Exercise aim: Omit the pictures and reproduce the rest of the listing exactly.

Given data:
━━━━━━━━━━━━━━━━

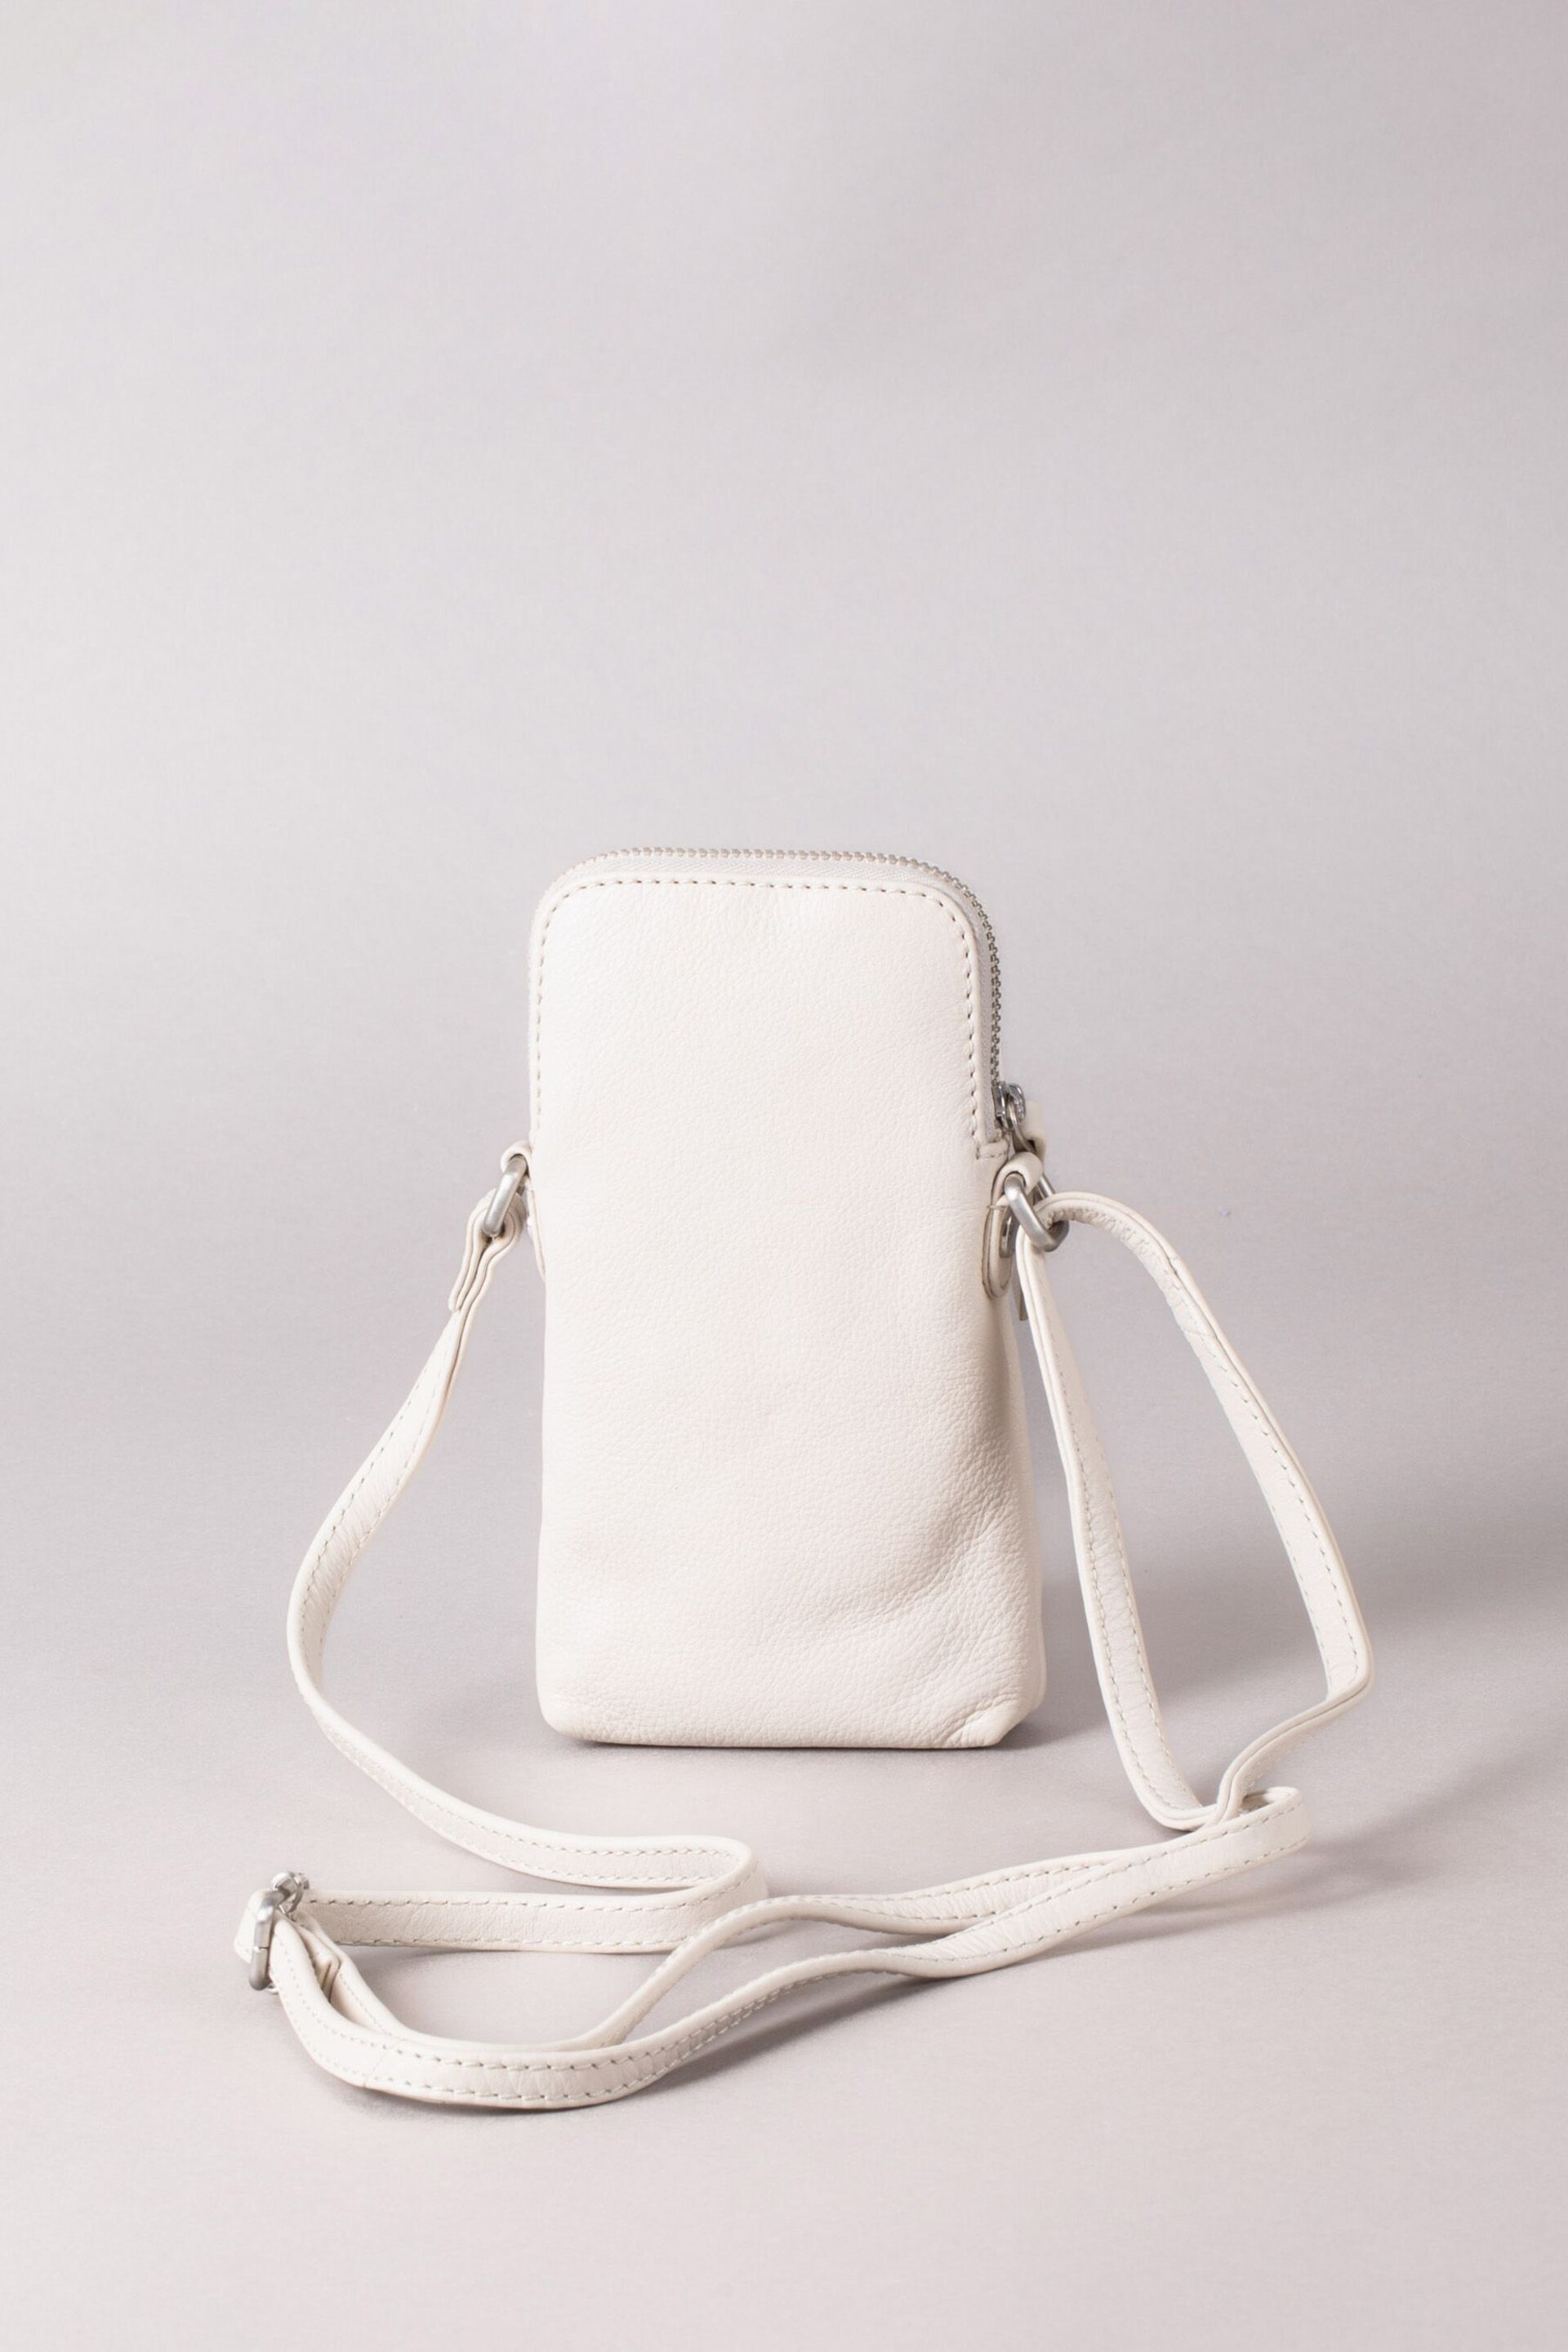 Lakeland Leather White Coniston Leather Cross-Body Phone Pouch - Image 3 of 6
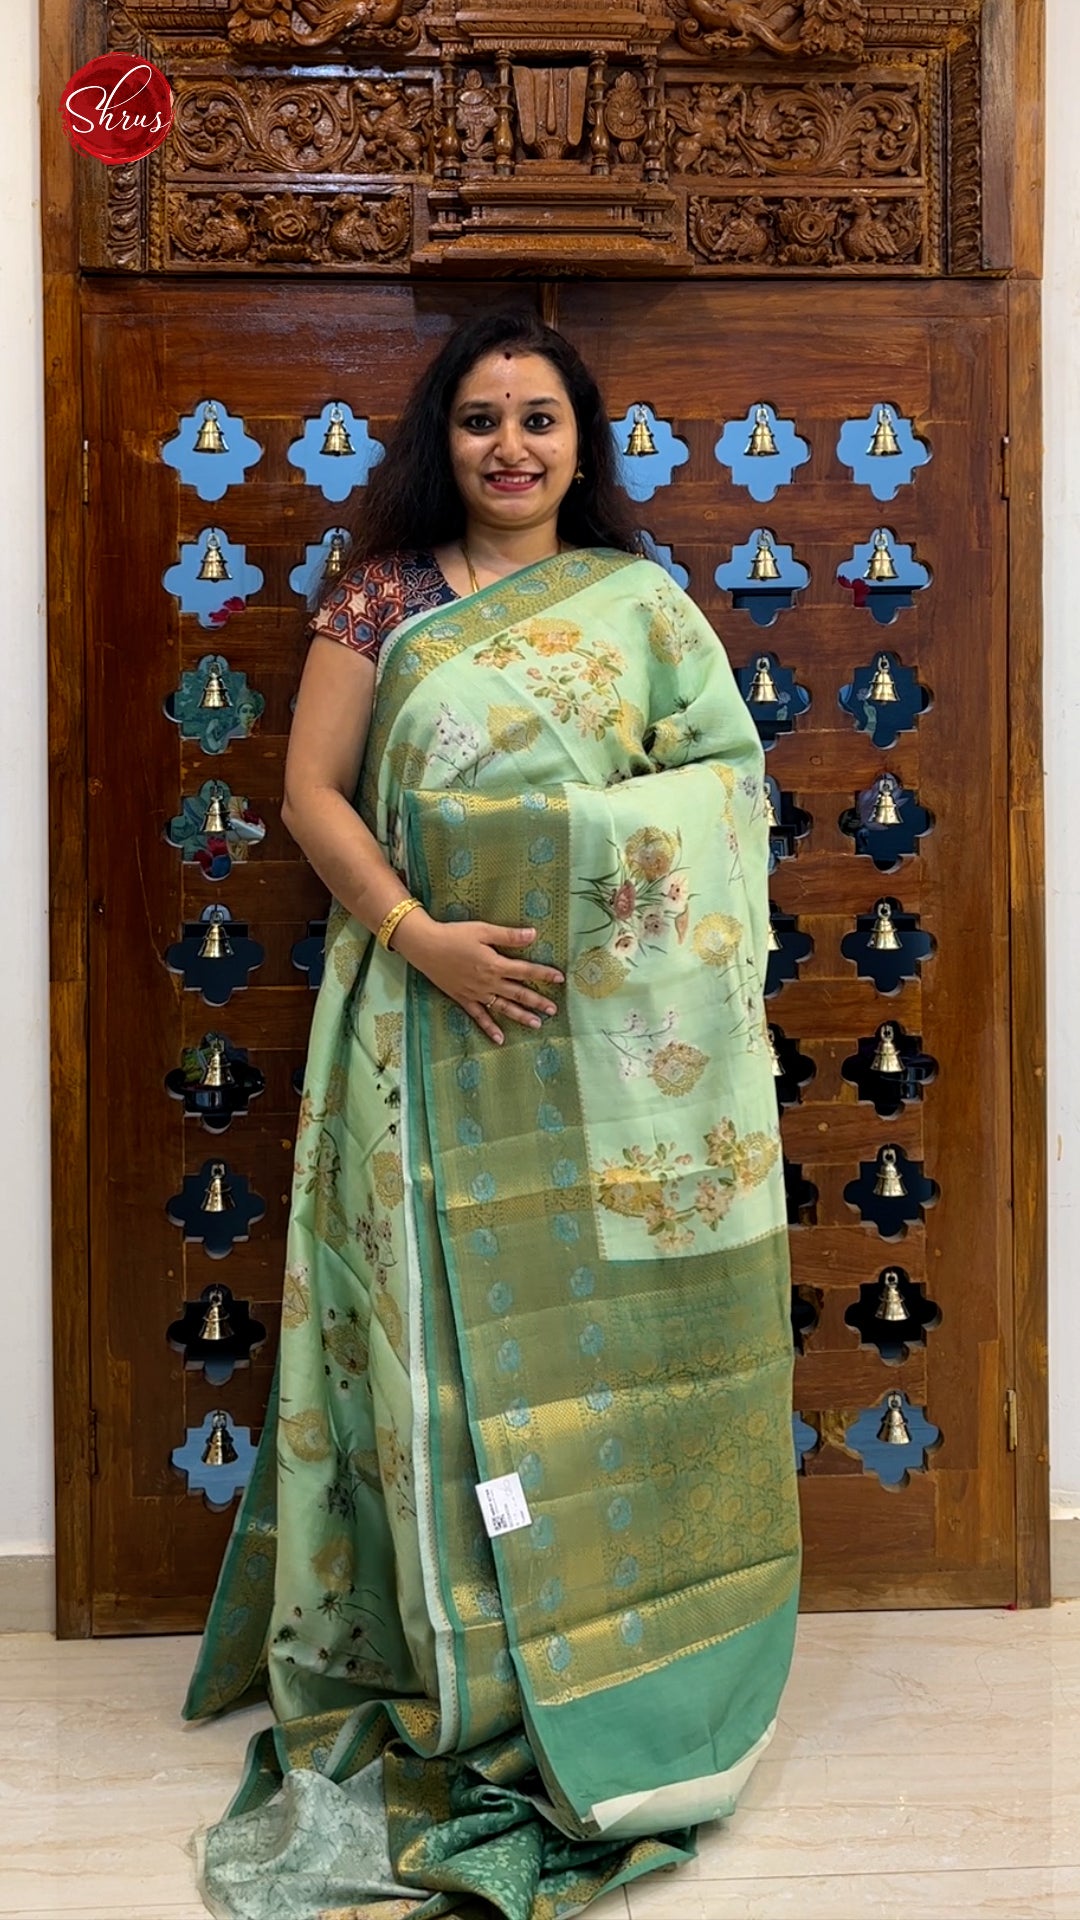 Pale green and Green -Tussar with zari woven floral motifs  on the body &   Zari Border - Shop on ShrusEternity.com
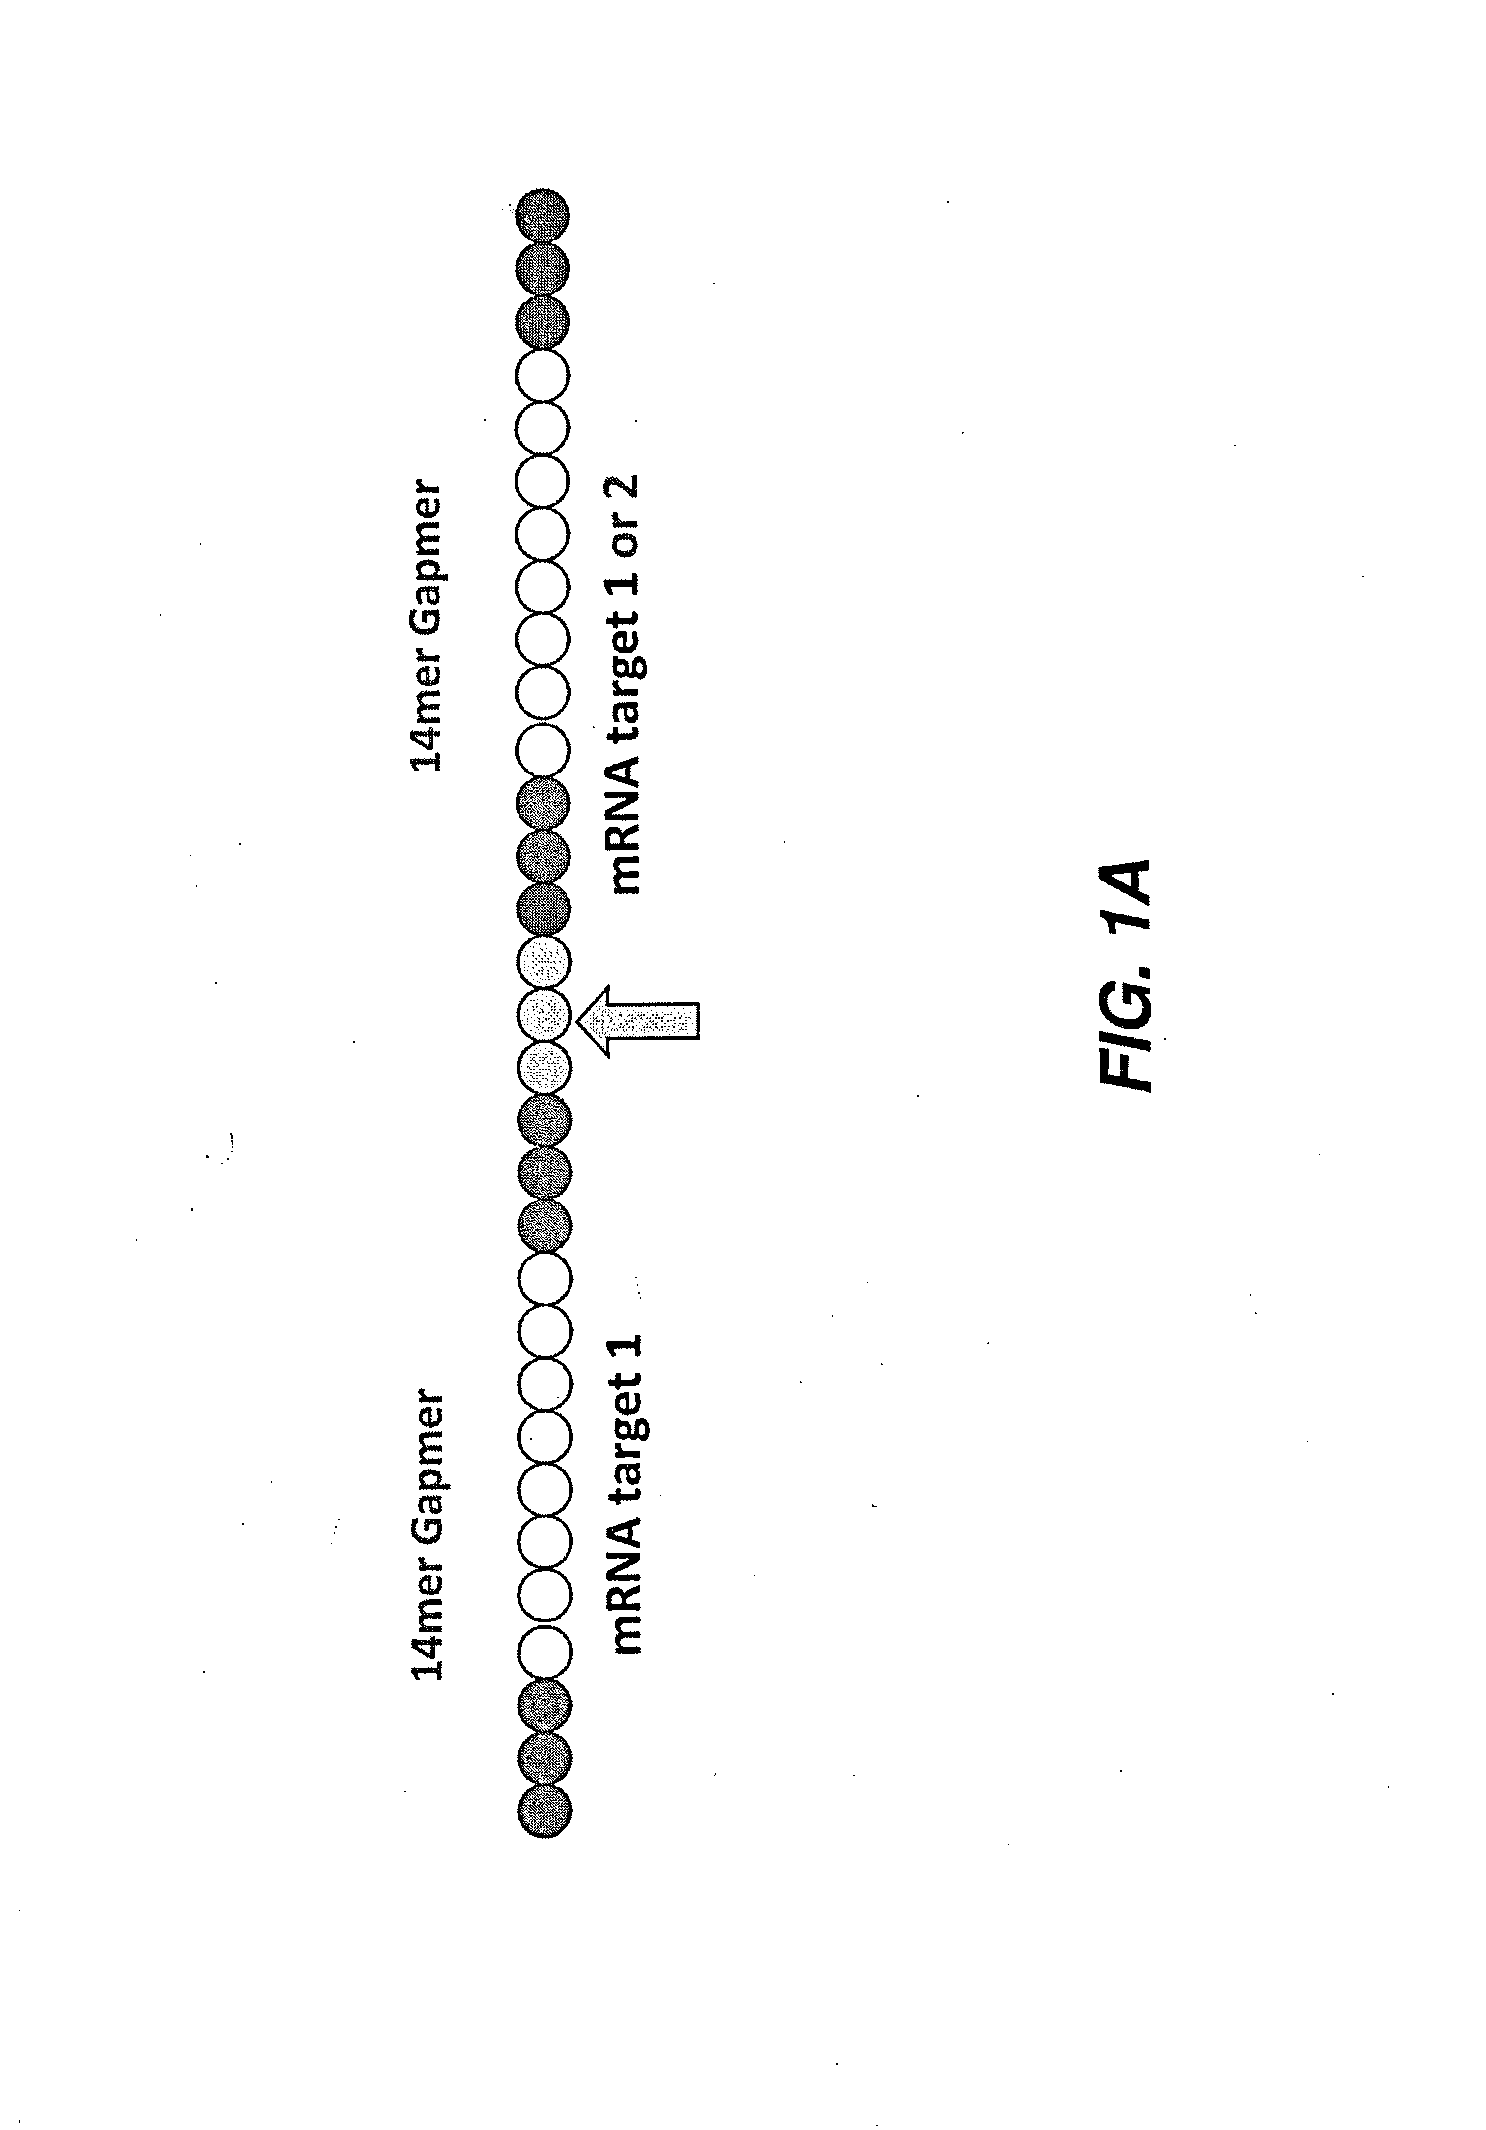 Methods of delivering multiple targeting oligonucleotides to a cell using cleavable linkers

━━━━━━━━━━━━━━━━

Solved problem:
 Lakeland Leather White Coniston Leather Cross-Body Phone Pouch - Image 3 of 6
 Pale green and Green -Tussar with zari woven floral motifs  on the body &   Zari Border - Shop on ShrusEternity.com
 Methods of delivering multiple targeting oligonucleotides to a cell using cleavable linkers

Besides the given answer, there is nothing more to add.